ECLI:NL:HR:2012:BY4670
Hoge Raad
- Cassatie
- C.A. Streefkerk
- M.A. Loth
- C.E. Drion
- J.C. van Oven
- Rechtspraak.nl
Cassatie tegen beschikking inzake voorlopige machtiging op basis van de Wet bijzondere opnemingen in psychiatrische ziekenhuizen
In deze zaak heeft de Hoge Raad op 30 november 2012 uitspraak gedaan in een cassatieprocedure betreffende een verzoek om voorlopige machtiging op basis van de Wet bijzondere opnemingen in psychiatrische ziekenhuizen (BOPZ). De verzoekster, aangeduid als betrokkene, had beroep in cassatie ingesteld tegen de beschikking van de rechtbank Zutphen van 1 juni 2012. De rechtbank had eerder op 22 mei 2012 al een beschikking gegeven in deze zaak. De officier van justitie in het arrondissement Arnhem/Zutphen was verweerder in cassatie, maar heeft geen verweerschrift ingediend.
De Hoge Raad verwijst in zijn uitspraak naar de beschikkingen van de rechtbank en stelt vast dat de klachten die in het cassatiemiddel zijn aangevoerd, niet tot cassatie kunnen leiden. De Hoge Raad oordeelt dat, gezien artikel 81 lid 1 van de Wet op de rechterlijke organisatie (RO), er geen nadere motivering nodig is, omdat de klachten niet nopen tot beantwoording van rechtsvragen die van belang zijn voor de rechtseenheid of de rechtsontwikkeling.

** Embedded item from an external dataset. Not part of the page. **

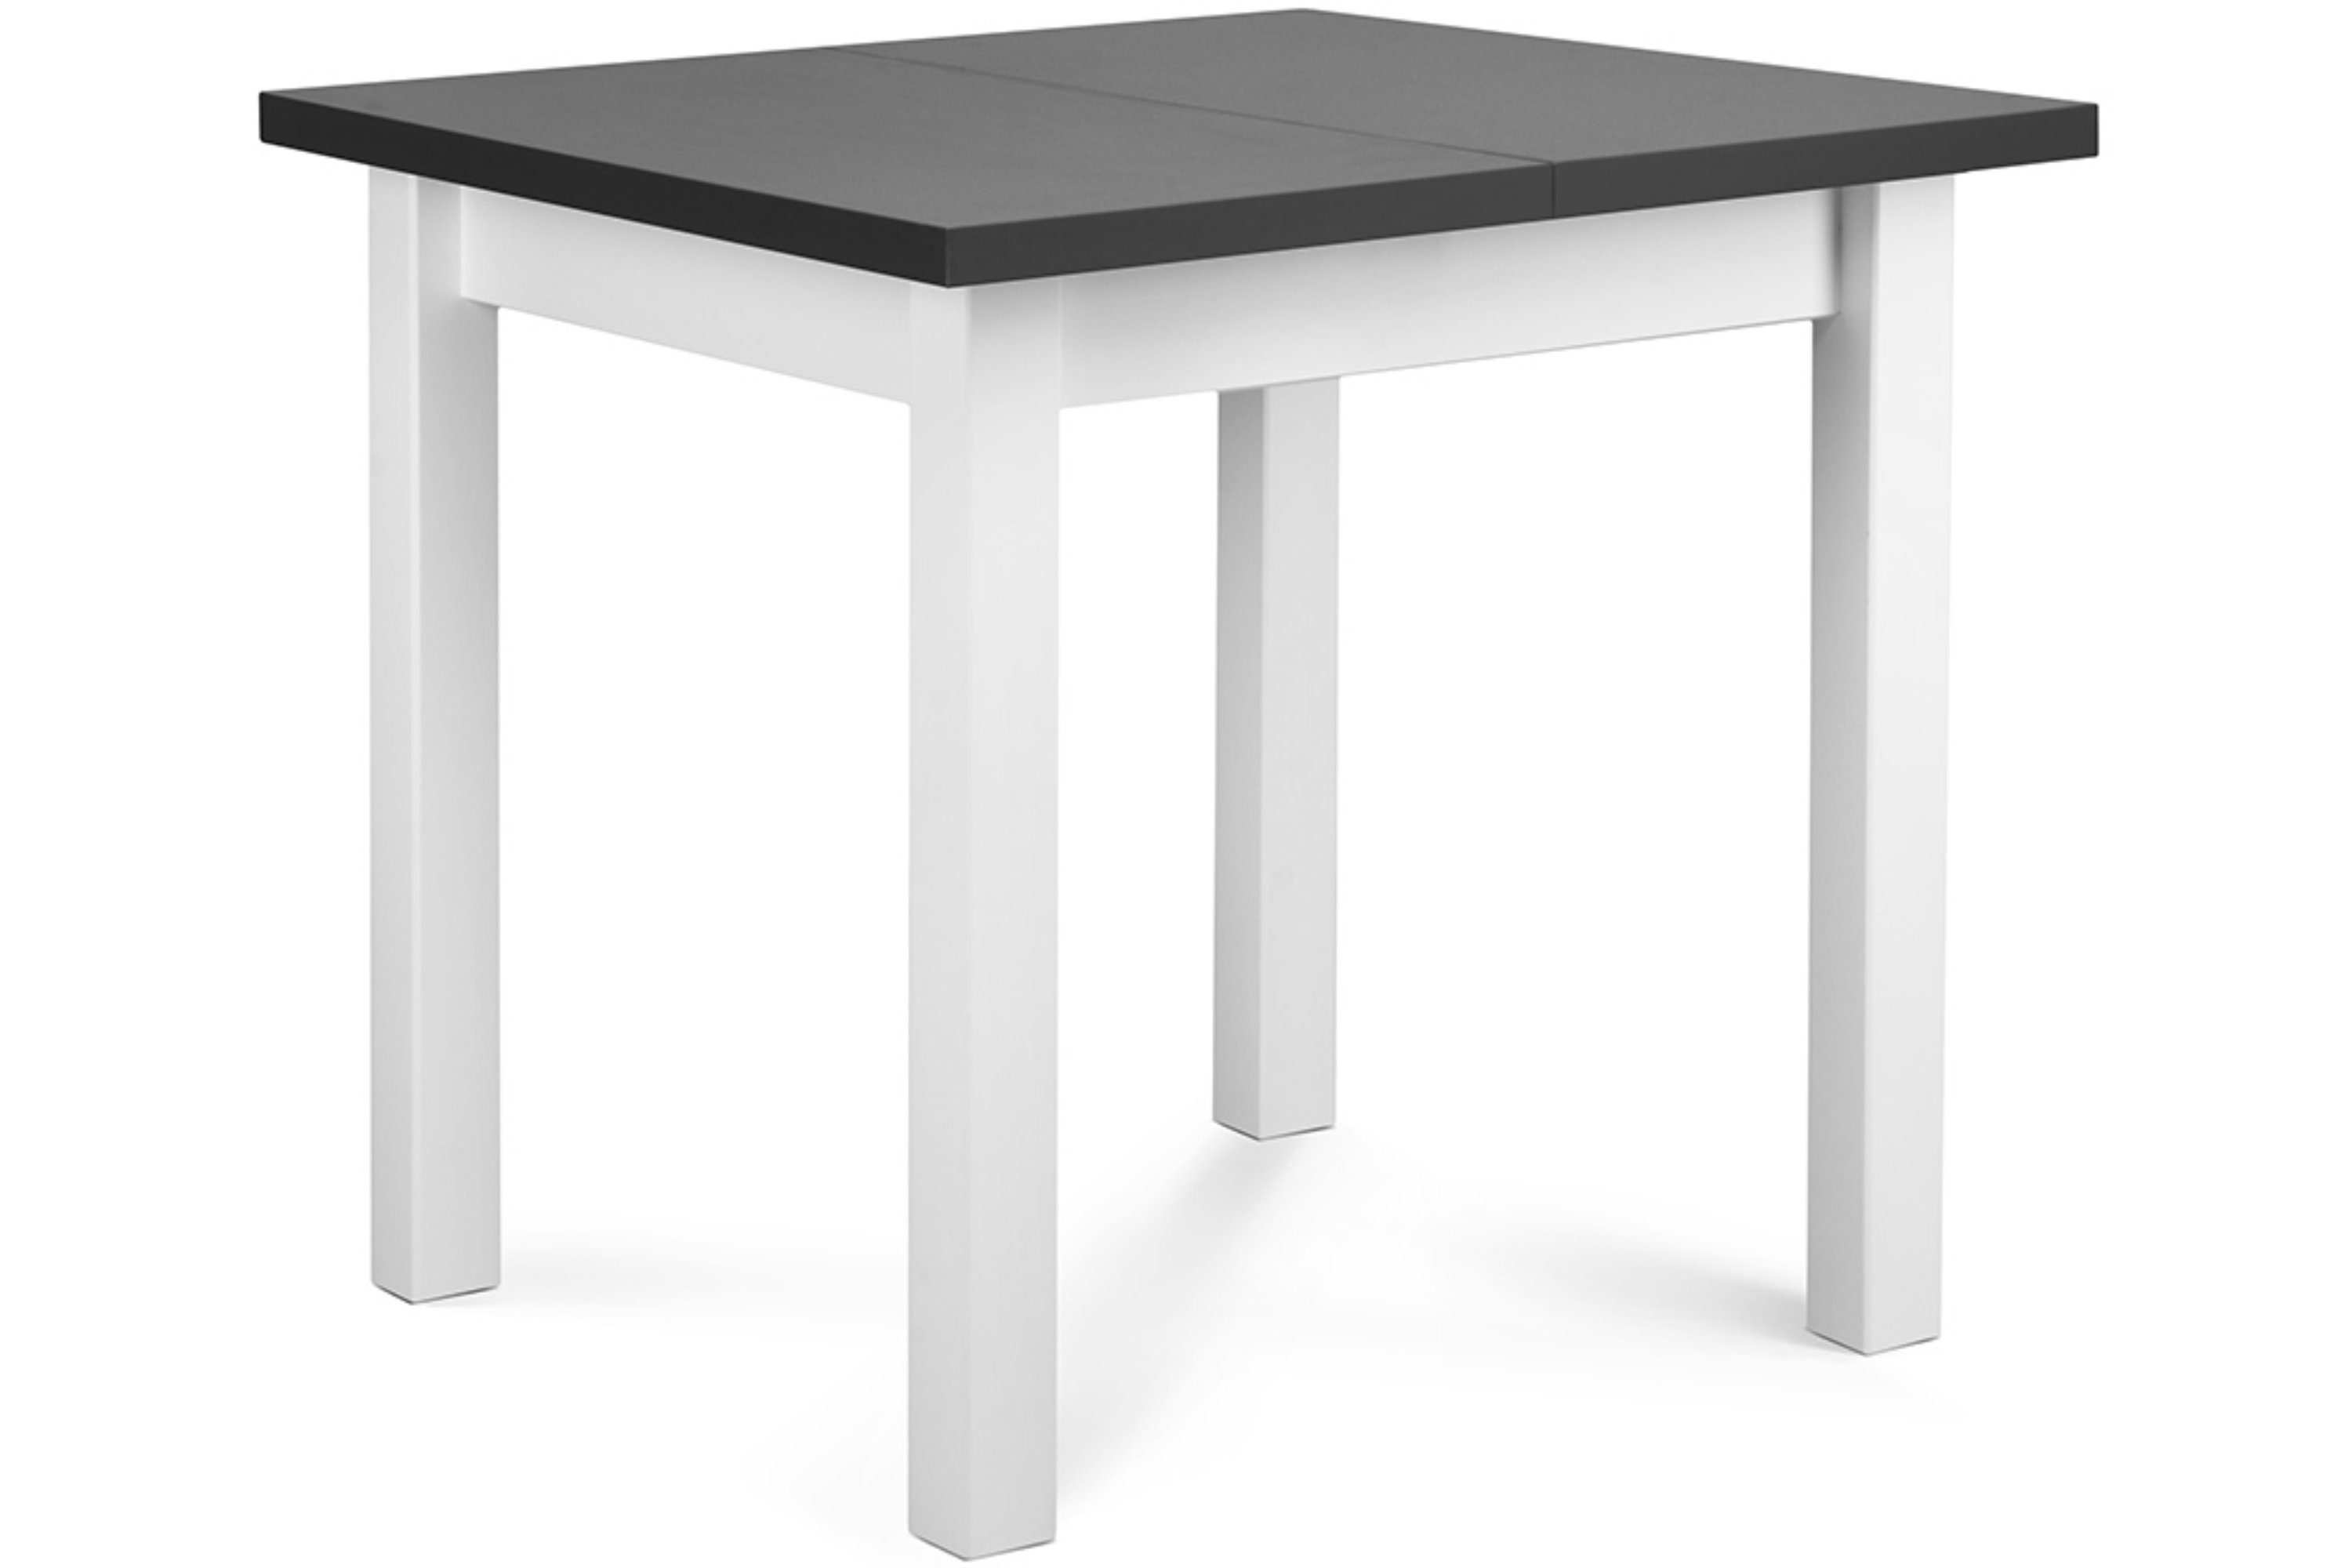 Konsimo Esstisch SALUTO Esszimmertisch Küchentisch 80x80cm, ausziehbar bis 110cm, quadratisch weiß / grau | weiß | grau
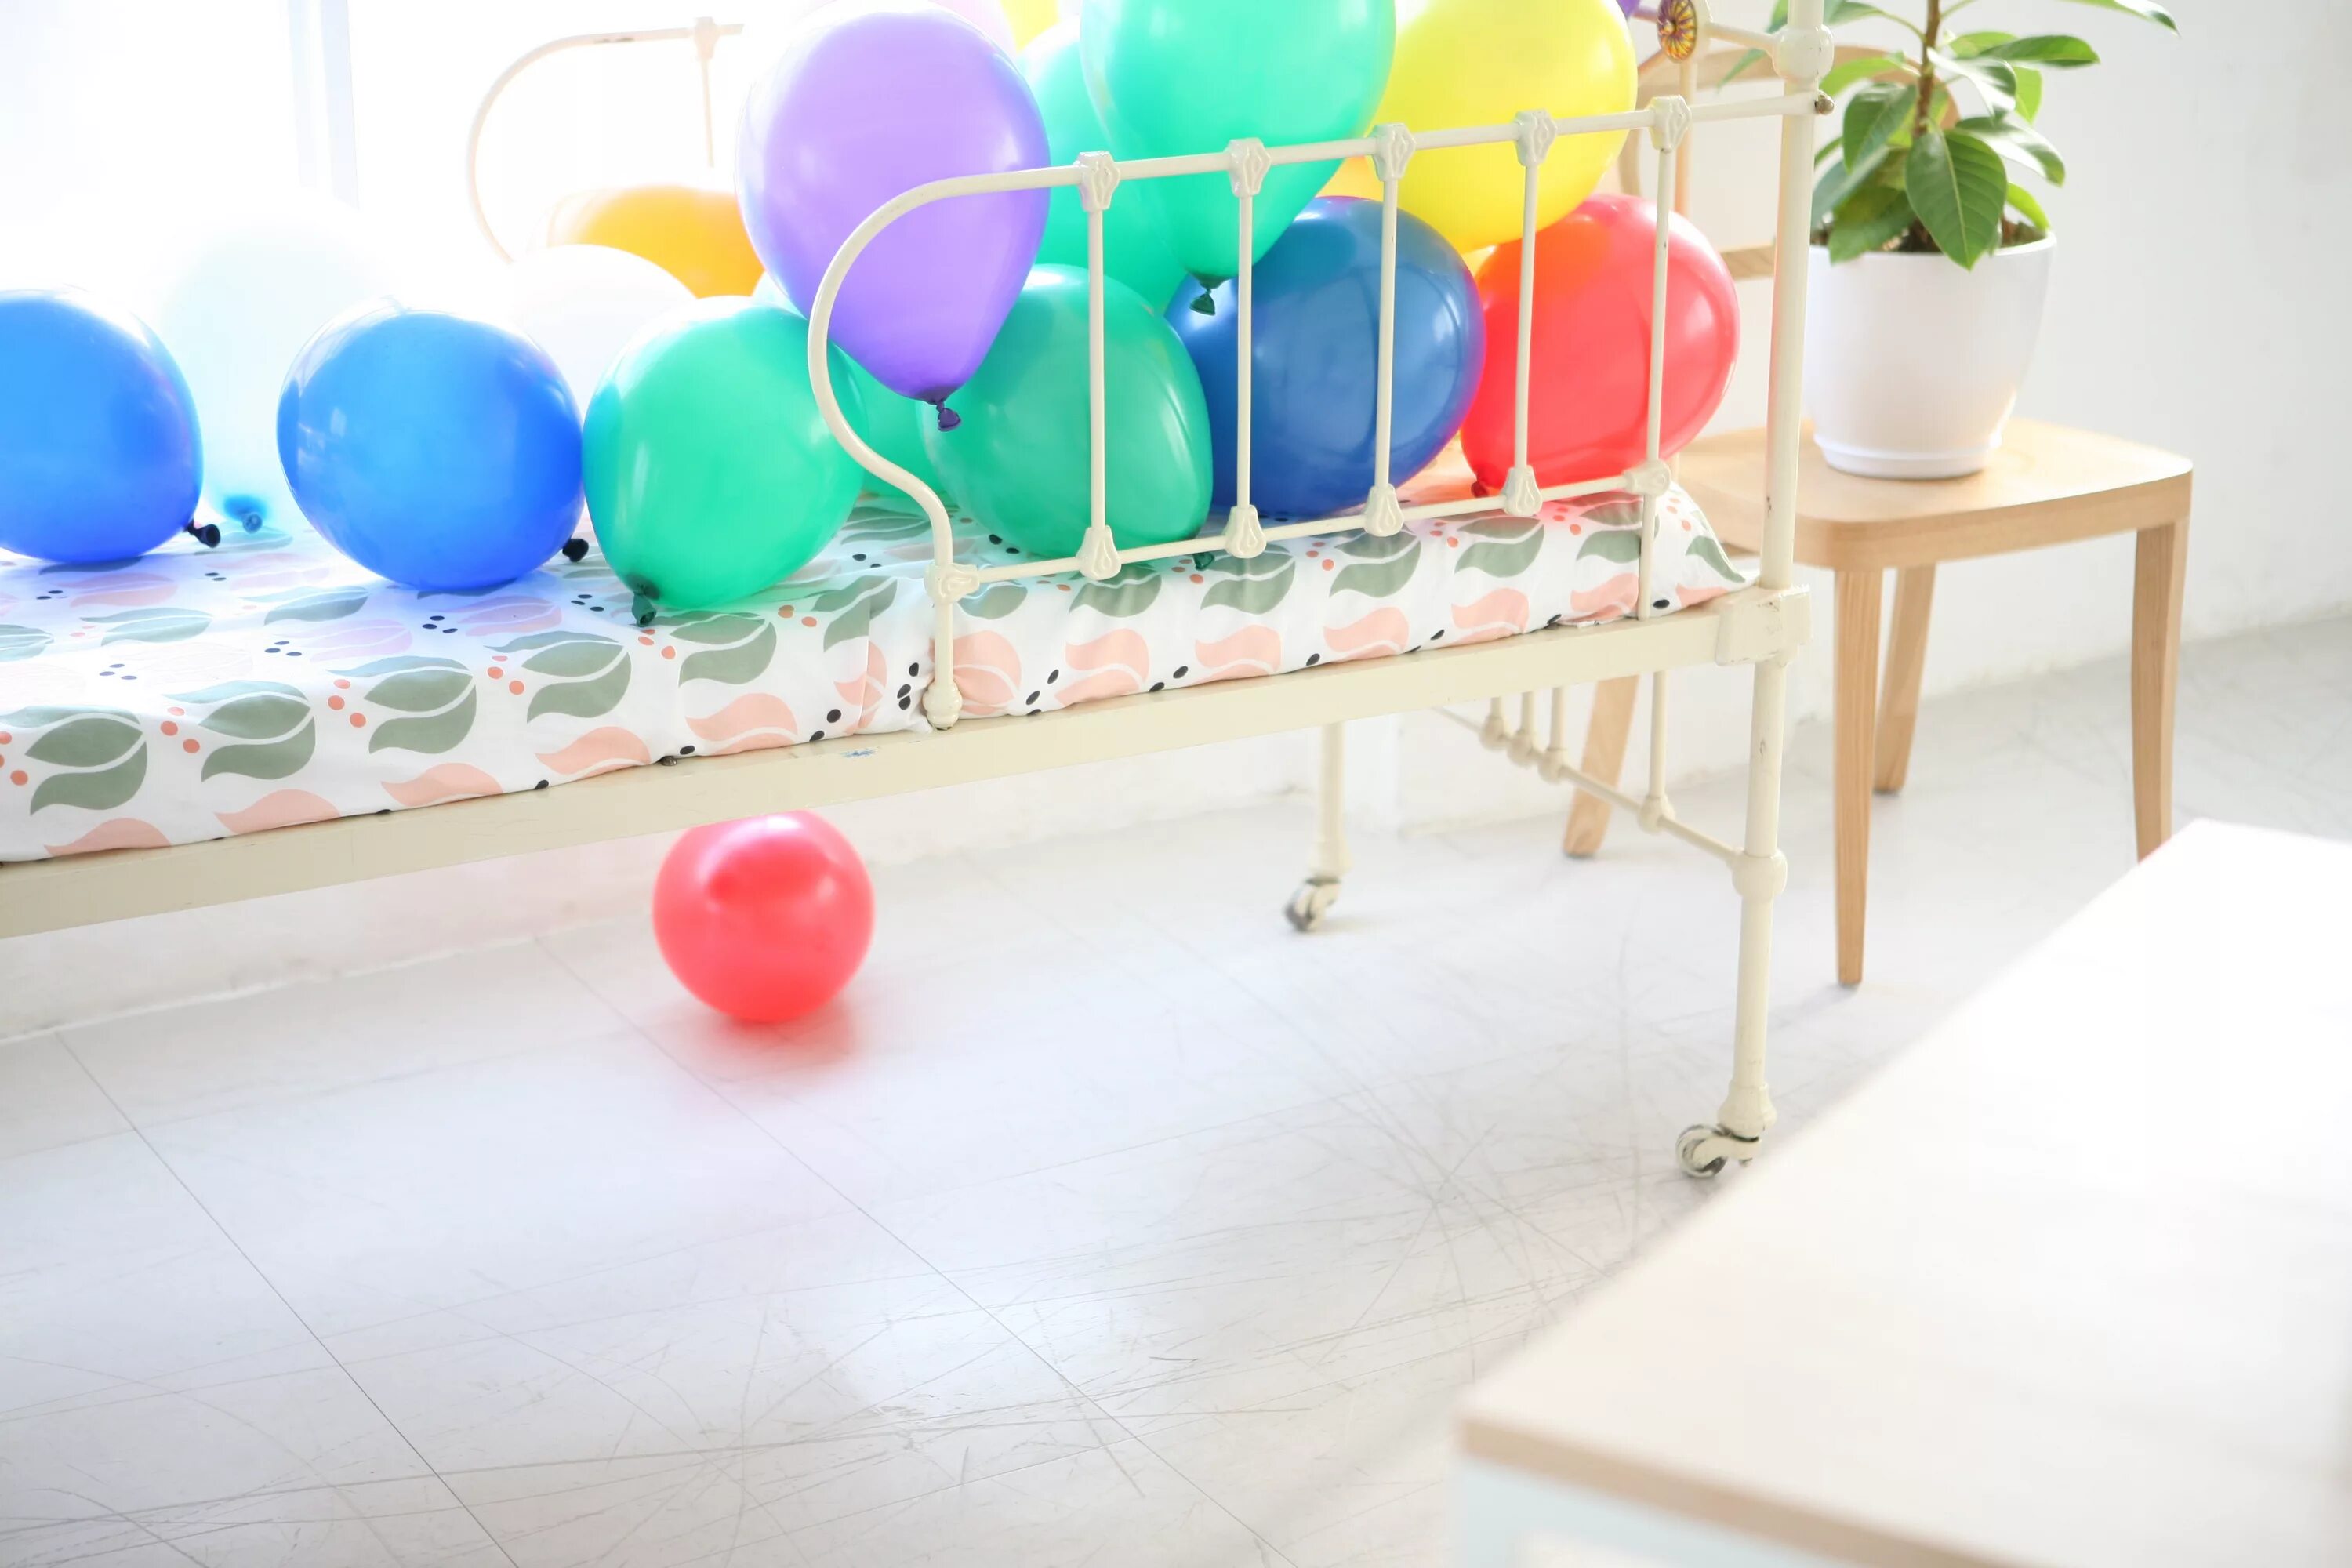 Мебель шары цена. Кровать воздушный шар. Шарики воздушный кровать. Мебель из шариков. Напольное покрытие baloon.

De conclusie van de Advocaat-Generaal F.F. Langemeijer was dat het beroep moest worden verworpen. De Hoge Raad volgt deze conclusie en verwerpt het beroep, waarmee de beschikking van de rechtbank in stand blijft. De uitspraak is openbaar uitgesproken door raadsheer J.C. van Oven, waarbij de andere raadsheren C.A. Streefkerk, M.A. Loth en C.E. Drion betrokken waren.